● **Dataset excerpt**:
☆ ☆ ☆

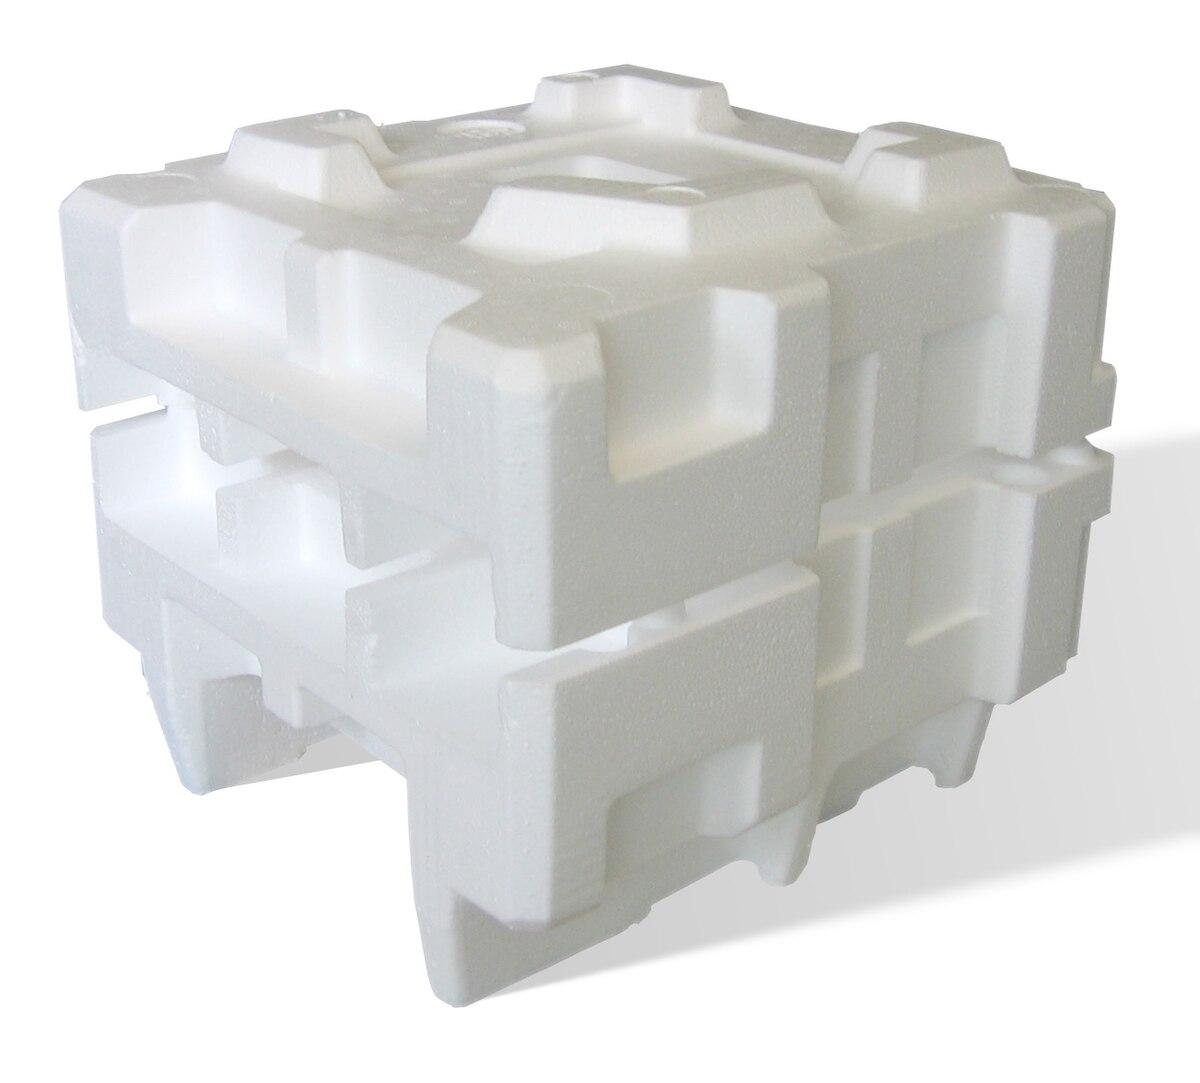 Poliestireno expandido wikipedia la enciclopedia libre for Styrofoam forms
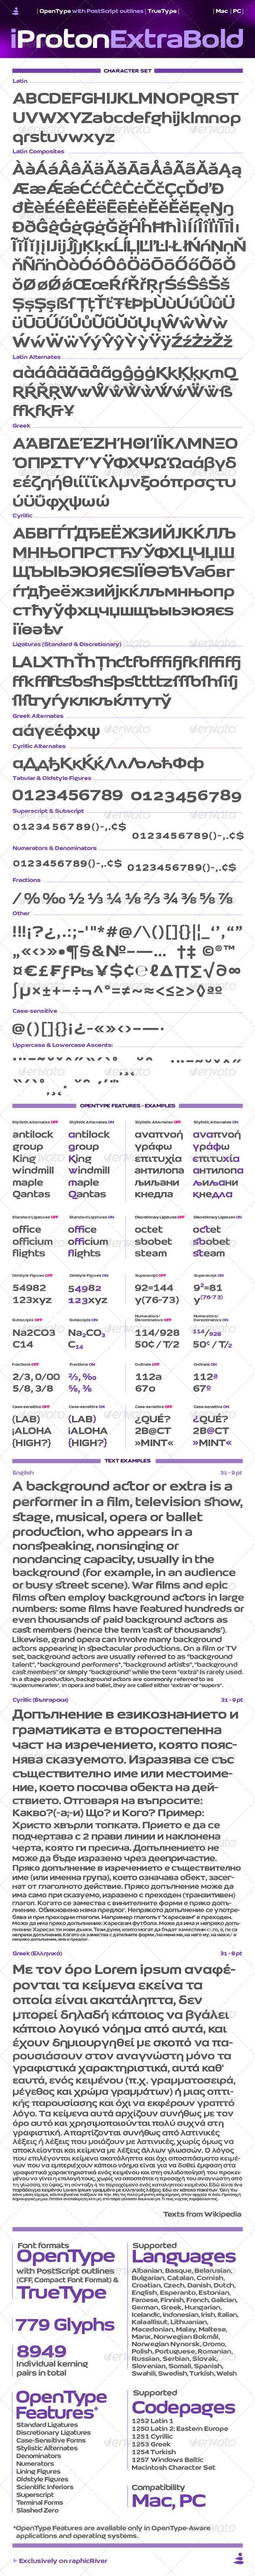 GraphicRiver iProton ExtraBold Font 7646931
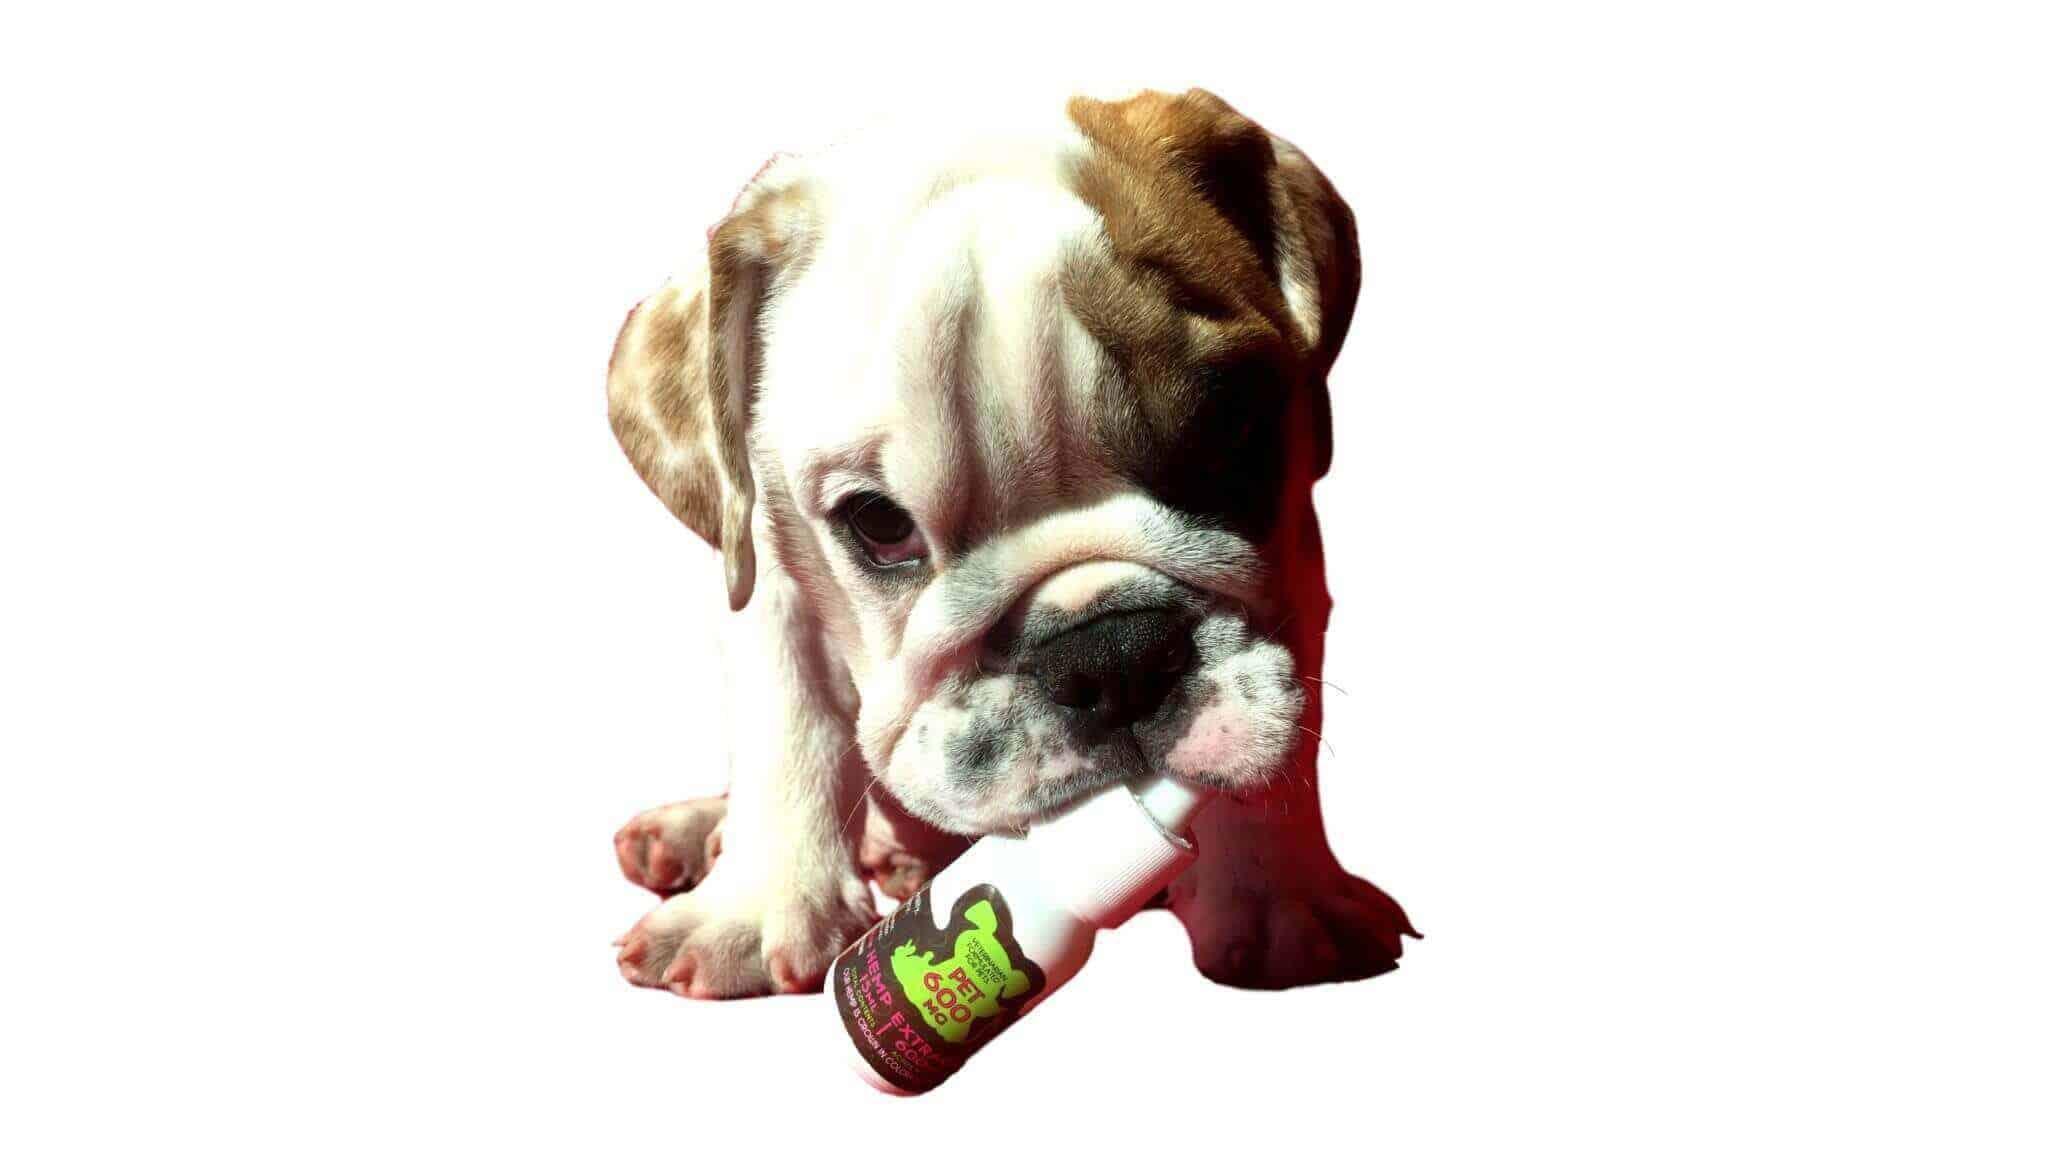 Dog With Pet CBD Oil

☆ ☆ ☆

● **Task**:
Write out the whole listing again, exactly, with no pictures.

● **Solution to the problem**:
 Poliestireno expandido wikipedia la enciclopedia libre for Styrofoam forms
 GraphicRiver iProton ExtraBold Font 7646931
 Dog With Pet CBD Oil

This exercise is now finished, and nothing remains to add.